When I think about letting go of something (people, dreams, problems, etc), I think of a completely getting rid of all emotions attached to it, all hopes, all thoughts, everything. Like you're just spitting out a piece of gum into the trashcan. Most of the time that seems impossible to me when it's something important to me, or a struggle. And I think, "Well how do you stop feeling a certain way?" It's as if you're incapable of stopping feelings or thoughts, you can only stop actions upon them or continual thoughts upon them.
And although over time you may be able to get rid of all thoughts about something, because obviously we all move on from people, places, things, problems, etc., and there is no quick fix, it still seems like an impossible feat sometimes.
But today I had the thought that letting go is different than placing something in God's hands. The entire mental image is different to me - dropping something and walking away, acting like you don't care anymore, verses placing something you care into the hands that created the world and can do whatever he wants to with what you handed Him. It may be that you're placing a dream in his hand that you hope comes to fulfillment, but he hands you back a different one that brings him more glory. It may be placing a situation into His hands where you have no control over and don't know what to do or pray for, and He takes over and works and His will is done. Yes, it is still letting go, but a totally different perspecitve on it.
Have you ever handed someone your nice camera and asked them to take a picture of you and someone else (or with a cool scene behind you) and there's a thought, "Oh what if they drop it?" And oh, I handed it to a girl one time and she dropped my camera. It smashed in part of it and almost broke it. Or watching a parent leave their baby or first child with a me as a baby-sitter - they are handing over the care of their most precious item to someone else. The look on their face, the hesitation at the door, going over simple things that I already know, and the continual saying goodbye to their child. It's not always a fear that something might happen when they're gone, it's just the thought of being away from something so important to them, missing something so important to them, and trusting that that important thing is in good hands.

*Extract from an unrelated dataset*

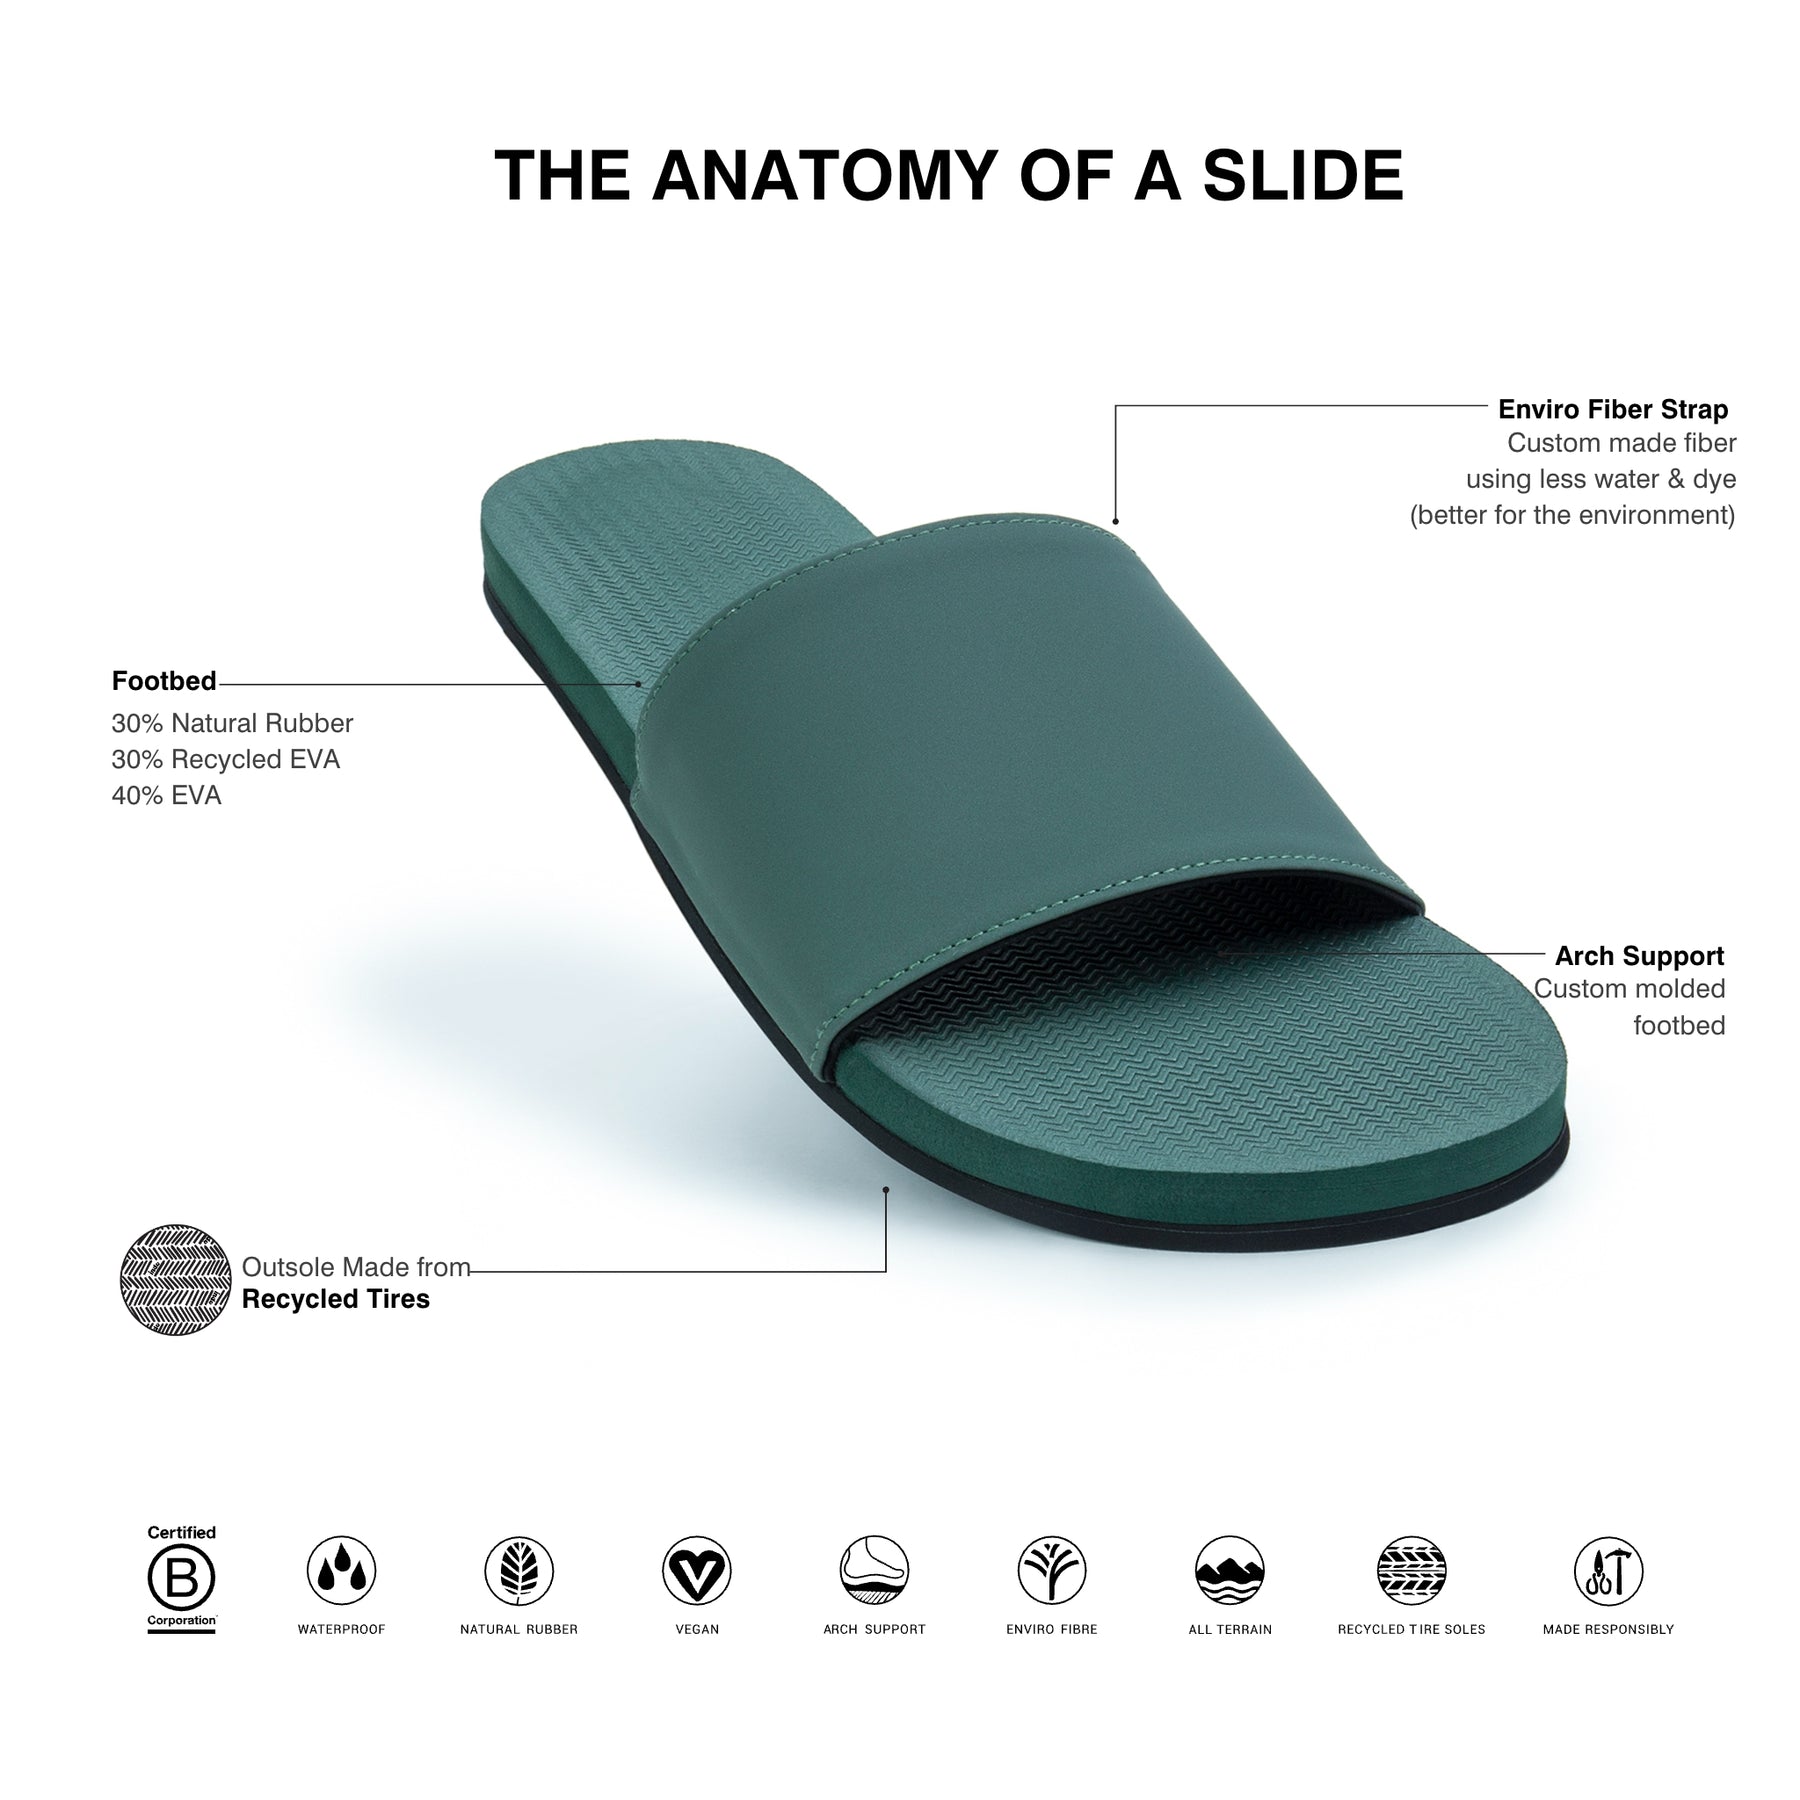 Men’s Slides - Leaf
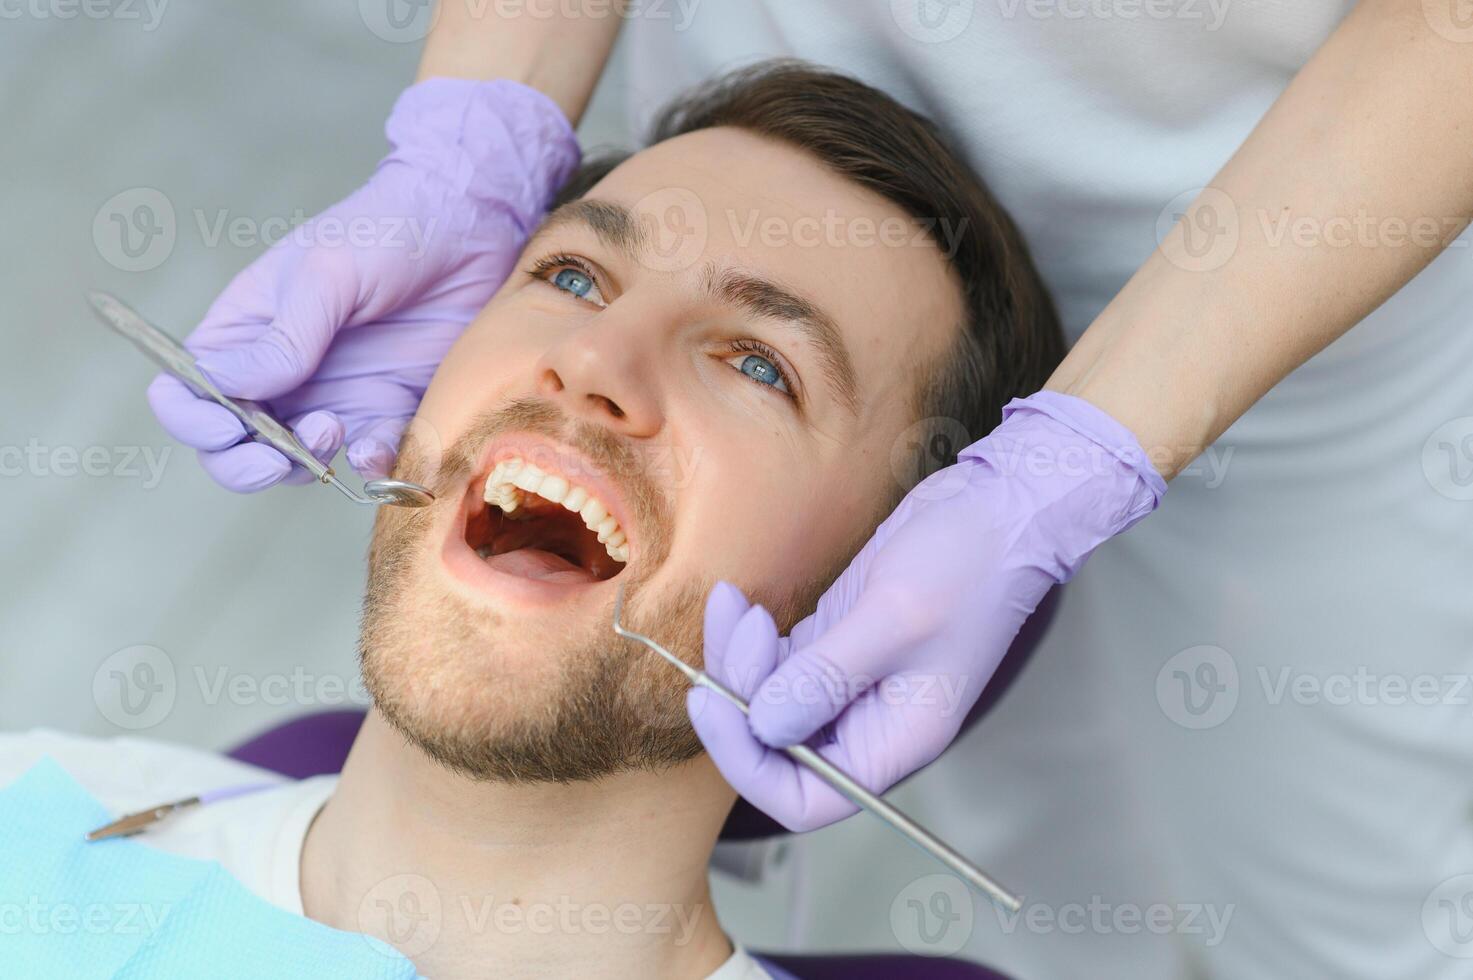 periodontal Serviços. fechar-se tiro do sorridente homem obtendo tratamento dentro estomatológico clínica, dentista médico dentro luvas usando estéril dental Ferramentas para examinando dentes do masculino paciente foto

When you hand something over to God, it's in good hands. If something is broken, he can fix it. If it's giving up something important to you, He'll either give it back when it's time or He will give you something equally as important in place of that that is in His will. It is a heavy thought to think, "Well I just gotta let it go and not deal with it anymore, and if I think about it or feel sad about it then that means I didn't let go." It's more freeing to think, "I have confidence giving this to Him and although it will be hard, it's ok because He will do what's best" and that brings peace. That peace that surpasses understanding because it comes directly from God. It may not mean an immediate thing where you stop thinking about it, stop struggling with something, stop feeling something, stop hoping for something, but it's a process of letting God remind you that He is almighty, powerful, soverign, holy, perfect, and merciful. It's God saying, "Hey, it's ok to place it in my care. And it's ok if it's a process. LIFE is a process." It takes months for babies to learn how to walk, years to learn to talk, and 13 years to be finished with the regular amount of education needed as a child. It takes time to learn a new skill, be good at a new job, or be disciplined at something.
"You know what I long for, Lord;
you hear my every sigh."
-Psalm 38:9
"I pray that God, the source of hope, will fill you completely with joy and peace because you trust in him. Then you will overflow with confident hope through the power of the Holy Spirit."